The singularity could have a few outcomes:
- The classical "humanity gets left behind by it's creations" doomsday
- The rate of change caps out simply because humanity cannot drive change much faster than humanity can react to it.
- The rate of change asymptotically approaches our capacity to handle it.
Interestingly, even after the "singularity" happens these three states may be indistinguishable to us.
Right now I am leaning towards the second outcome, that the singularity has come, and now we are simply crap at predicting the future because of it. I saw this a few months ago and considered it a potential symptom of that outcome https://www.youtube.com/watch?v=aEIPfpxFrlg.
"...the field of artificial intelligence has a long history of over-promising and under-delivering..."
That being said, I think we are finally at the dawn of "useful AI," like when my iPhone correctly guesses where I am headed and gives me a time estimate. For normal humans such as myself, this is WAY cooler and more exciting.

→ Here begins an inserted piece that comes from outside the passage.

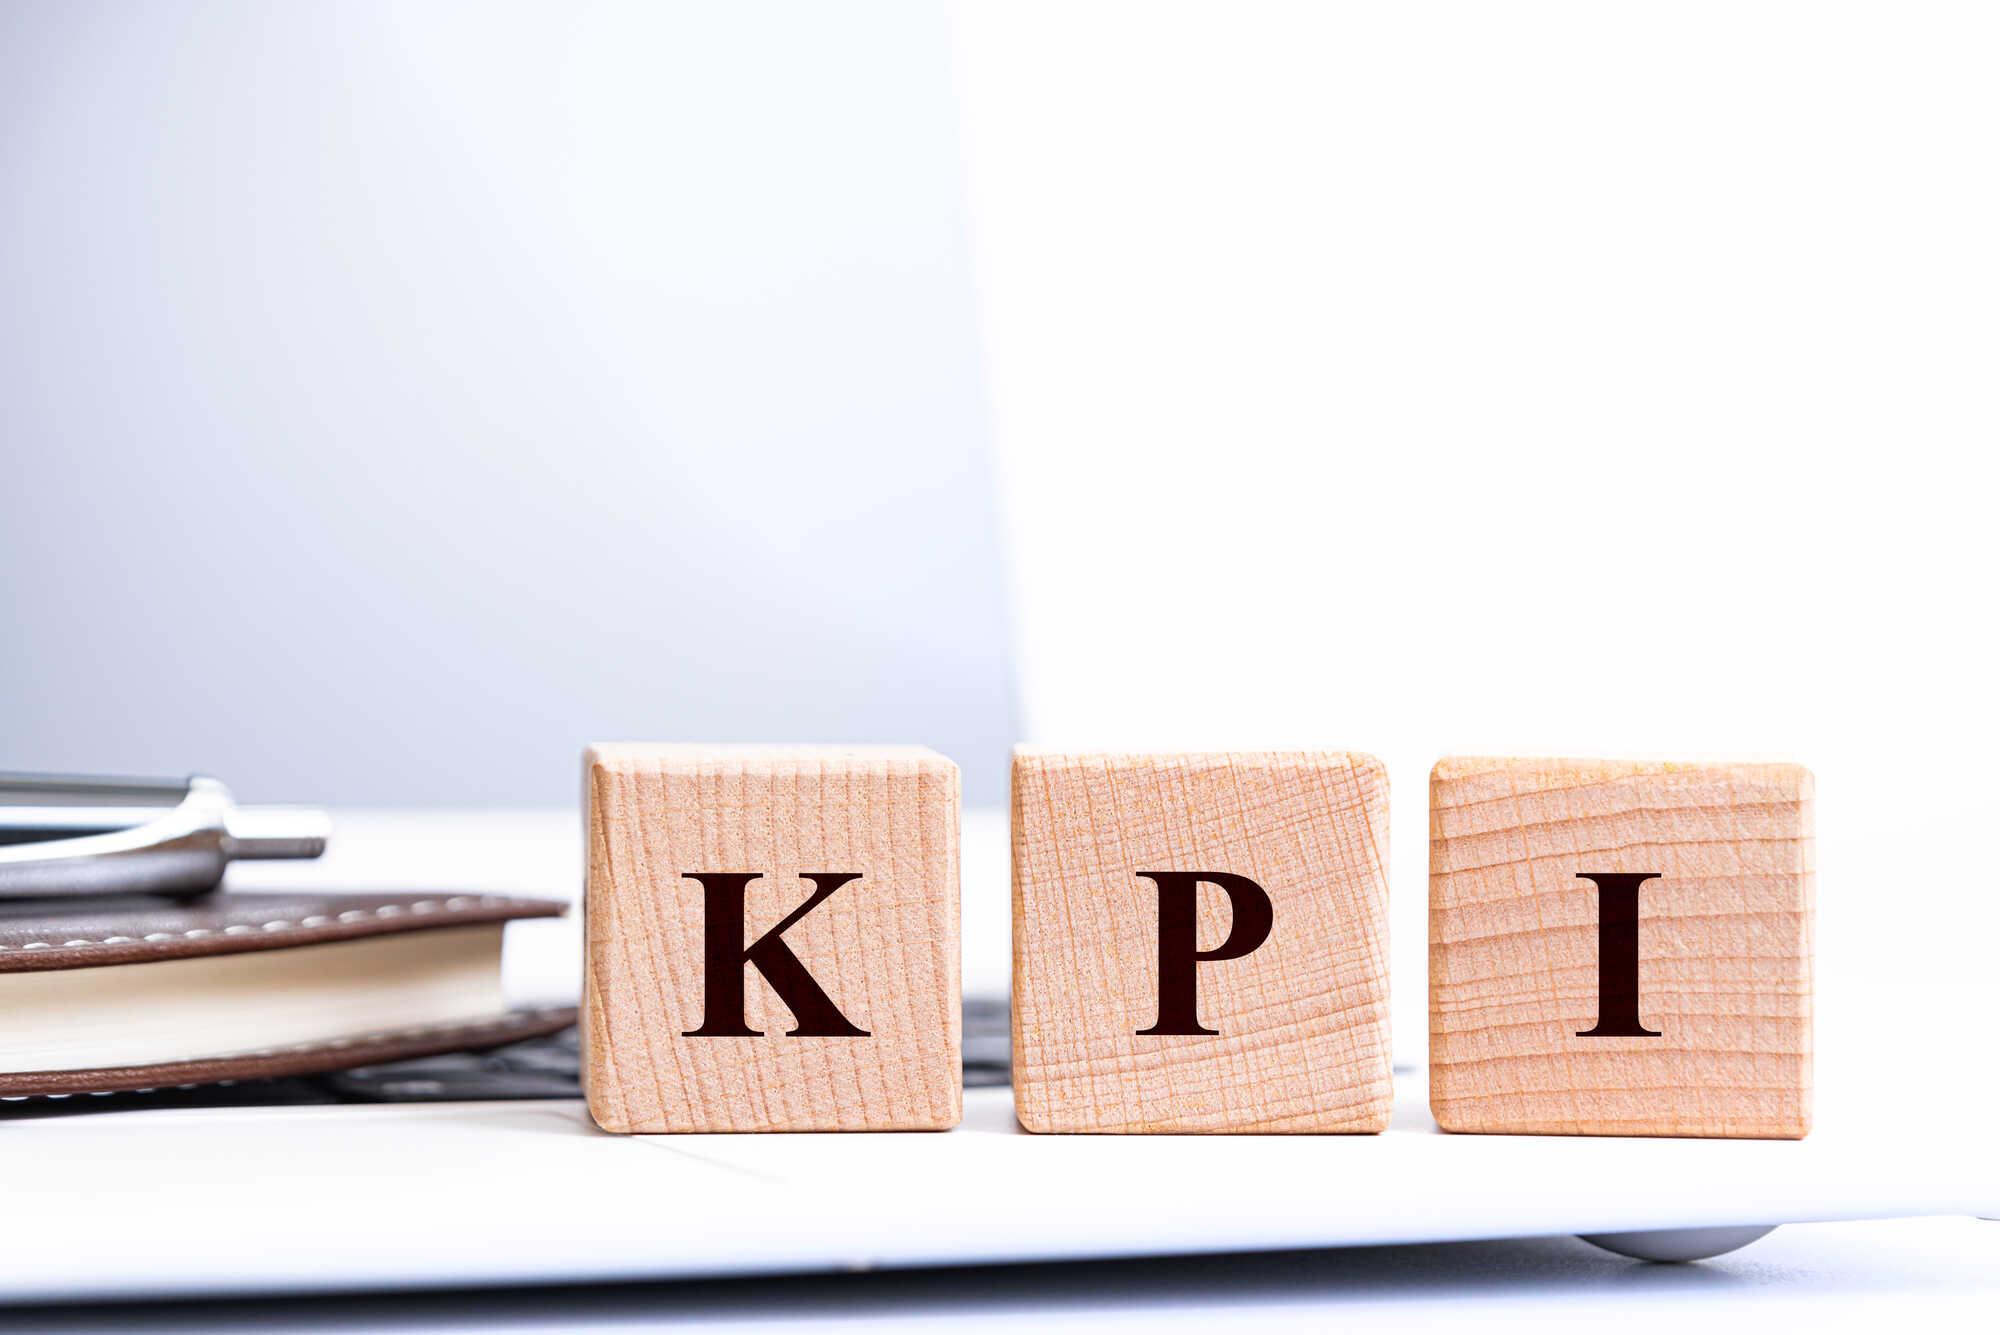 採用活動における基本的なKPI
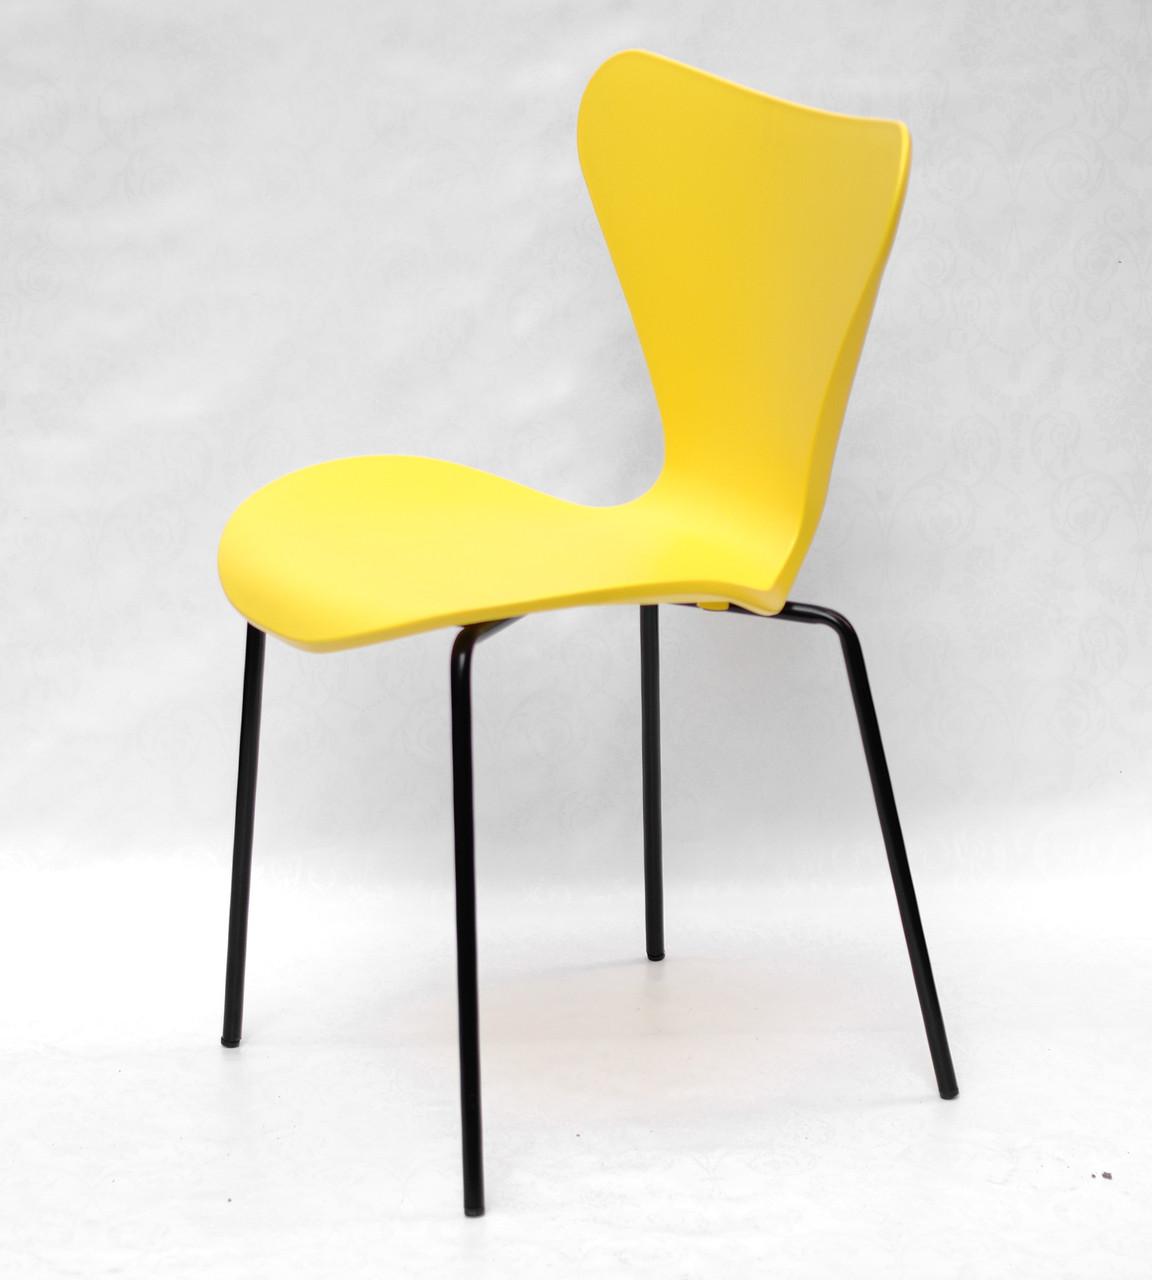 Желтый стул с пластиковым фигурным сиденьем и черными металлически ножками Max Metal-2-BK

Were AI systems that outperformed humans in solving complex differential and integral equations useless? Were systems that diagnosed diseases better than doctors useless? Were systems that handled logistics at scale never possible before useless?
All of those were created in the past (60s, 70s, 80s).
The problem with AI was never the lack of results. It was the hype that far exceeded the results, however useful and practical they were.
Suddenly the AI has self-improved beyond our understanding before we even realize or understand what happened.
The true singularity is dangerous precisely because we won't know when it actually happens, and it will outpace us before we can respond.
Preemptive drone strikes against AI programmers don't sound too far fetched given the direction things are going.
Of course, the singularity is a zero-sum game, in the sense that the first entity there wins. Which is why I plan on programming the singularity AI as a copy of my consciousness so that I will be the singularity god.
Read the two Wait But Why posts on this: http://waitbutwhy.com/2015/01/artificial-intelligence-revolu...
http://waitbutwhy.com/2015/01/artificial-intelligence-revolu...
Is that part even necessary? Even linear growth with a higher constant factor than humans have due to faster iterations could rapidly outgrow human capabilities if we take a hypothetical human-level AI as starting point.
We're made of matter, computers are made of matter, where is the difference?
You need to read Searle's works again; his point is actually the opposite - we are machines made out of biological neurons, which seem to have an externally unobservable property of being conscious; we do not know what it is caused by, but we can see today that it is possible to create a simulation of human behavior by means of logical gates. We have no idea if it will have mind or not.
> We're made of matter, computers are made of matter, where is the difference?
That's an odd argument. And actually does not contradict Searle at all.